Knowing your Sunnis from your Shiites – Political Ignorance on the House Intelligence Committee:

Incoming House Speaker Nancy Pelosi was almost certainly right to decide against appointing former impeached federal Judge Alcee Hastings as Chairman of the House Intelligence Committee. However, Representative Silvestre Reyes, her new choice for the job, seems remarkably ignorant about the basics of Middle East politics – the central focus of American intelligence efforts in the current conflict. As Jeff Stein shows in this Congressional Quarterly article, Reyes doesn’t understand the difference between Sunni and Shiite Muslims, and doesn’t know which sect Al Qaeda belongs to:

Al Qaeda is what, I asked, Sunni or Shia?
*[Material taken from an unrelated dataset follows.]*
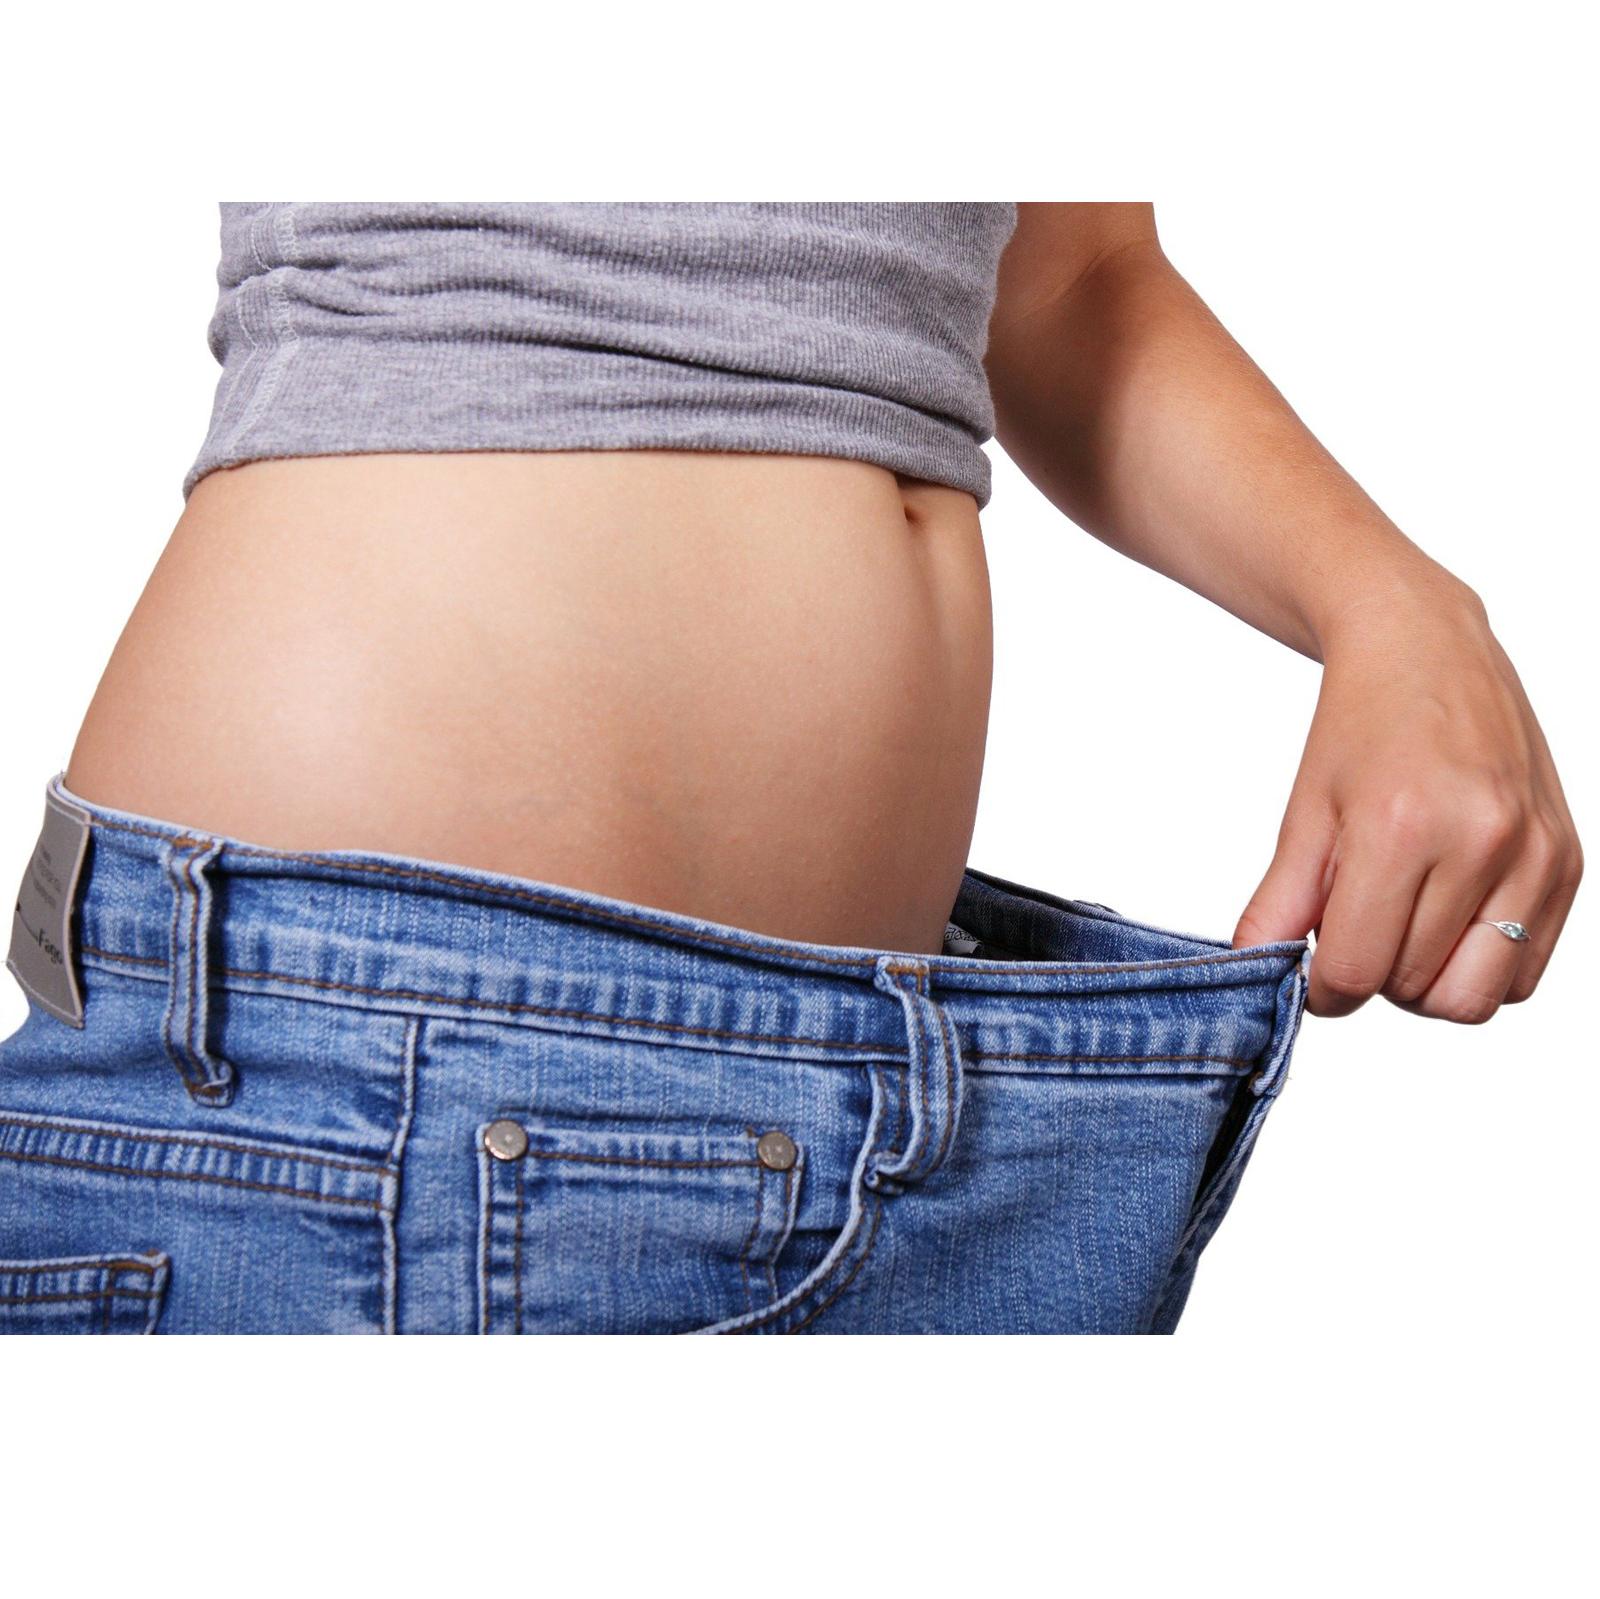 Ktoré dva výživové doplnky sú pri chudnutí najdôležitejšie?
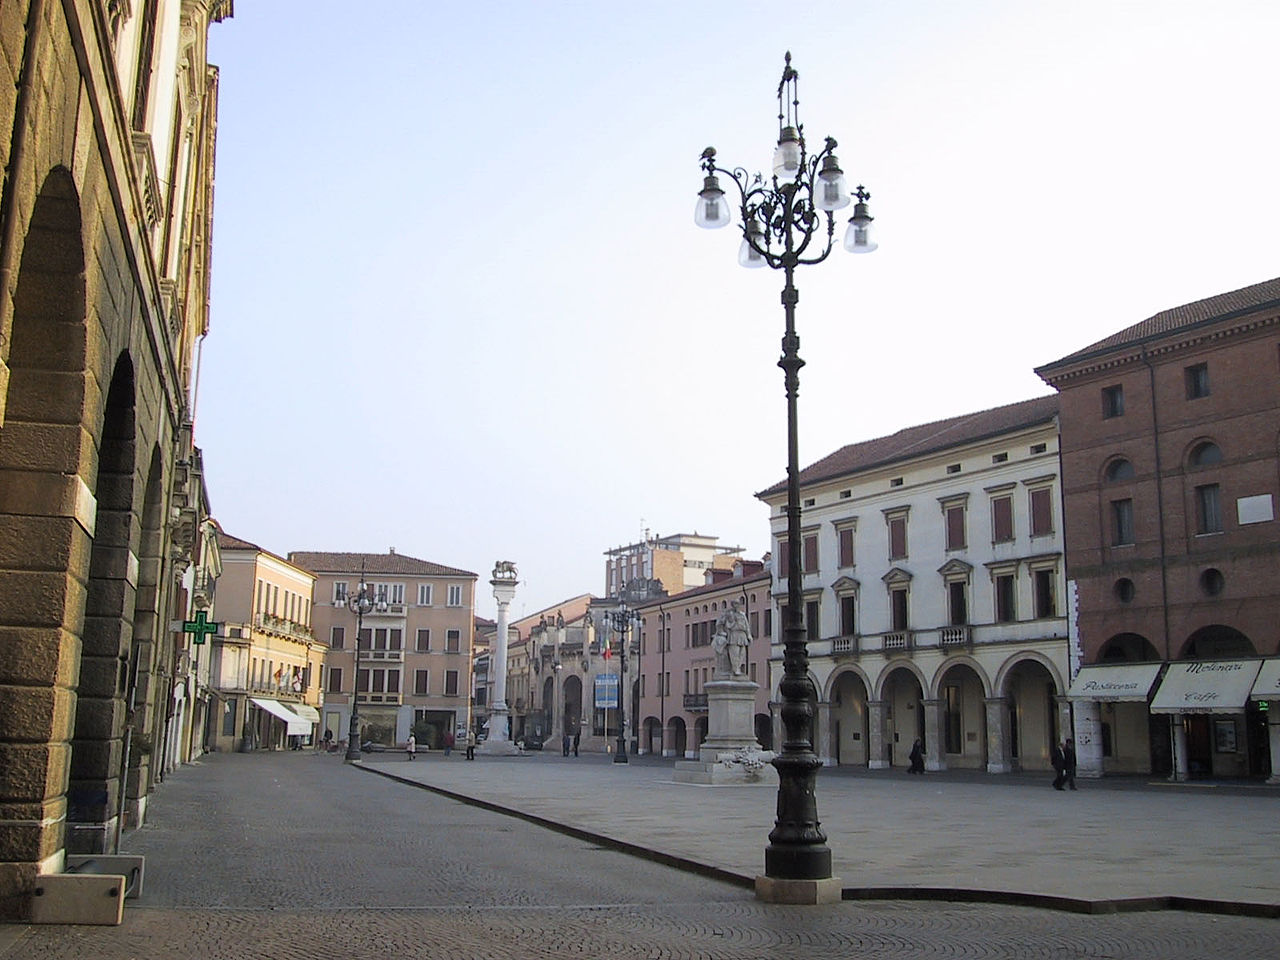 1280px-Piazza_vittorio_emanuele_rovigo

“Al Qaeda, they have both,” Reyes said. “You’re talking about predominately?”

“Sure,” I said, not knowing what else to say.

“Predominantly — probably Shiite,” he ventured.

He couldn’t have been more wrong.

Al Qaeda is profoundly Sunni. If a Shiite showed up at an al Qaeda club house, they’d slice off his head and use it for a soccer ball.

That’s because the extremist Sunnis who make up al Qaeda consider all Shiites to be heretics.

Later in the article, we learn that Reyes is also unaware of the fact that the Lebanese terrorist group Hezbollah is Shiite (an orientation that underpins their alliance with Shiite Iran, which provides most of their weapons and funding).

As Stein showed in this earlier article, congressional ignorance about the Sunni-Shiite split isn’t confined to the Democrats, but is definitely bipartisan. For example, Senator Trent Lott, showing his typical insight and sensitivity, said in September that Sunnis and Shiites “all look the same to me” (quoted in the CQ article). Stein also showed that many Republican members of the Intelligence committee are as much or even more ignorant than Reyes is.

Much of my academic work deals with the dangers of political ignorance in the general public (e.g. here and here). However, the ignorance of elected officials may be just as dangerous.

In both cases, I suspect that the immense size, scope, and complexity of government is part of the problem. As I argued in the two articles linked above, it’s hard for the average voter, with his limited time and effort, to keep track of more than a tiny fraction of all the government activity out there. The same seems to be true for the average congressman. It’s not hard to understand the basics of the Sunni-Shiite split. However, a congressman who has to spend his time doling out pork to dozens of different constituencies, dealing with massive omnibus spending bills covering every subject under the sun, adding to the equally massive Federal Register of regulations, and overseeing hundreds of different federal agencies, can easily overlook the need to learn basics of Middle East politics. Indeed, members of Congress (even those who sit on the Intelligence Committee) probably have a much greater incentive to be knowledgeable about pork in their districts than about Middle East politics. Knowing about the former is more likely to be important to their reelection prospects.

There is no easy cure for political ignorance in Congress. I suspect that reducing the size and scope of government would help a lot by enabling Congressmen to focus on a narrower range of issues that they would then have time to study in greater depth. In the meantime, however, I hope that both Democratic and Republican leaders will try to appoint people to the Intelligence Committee who have at least a minimal knowledge of the people our intelligence agencies are supposed to be studying. A person who doesn’t know that Al Qaeda is Sunni shouldn’t be allowed anywhere near the Committee, much less be appointed Chairman.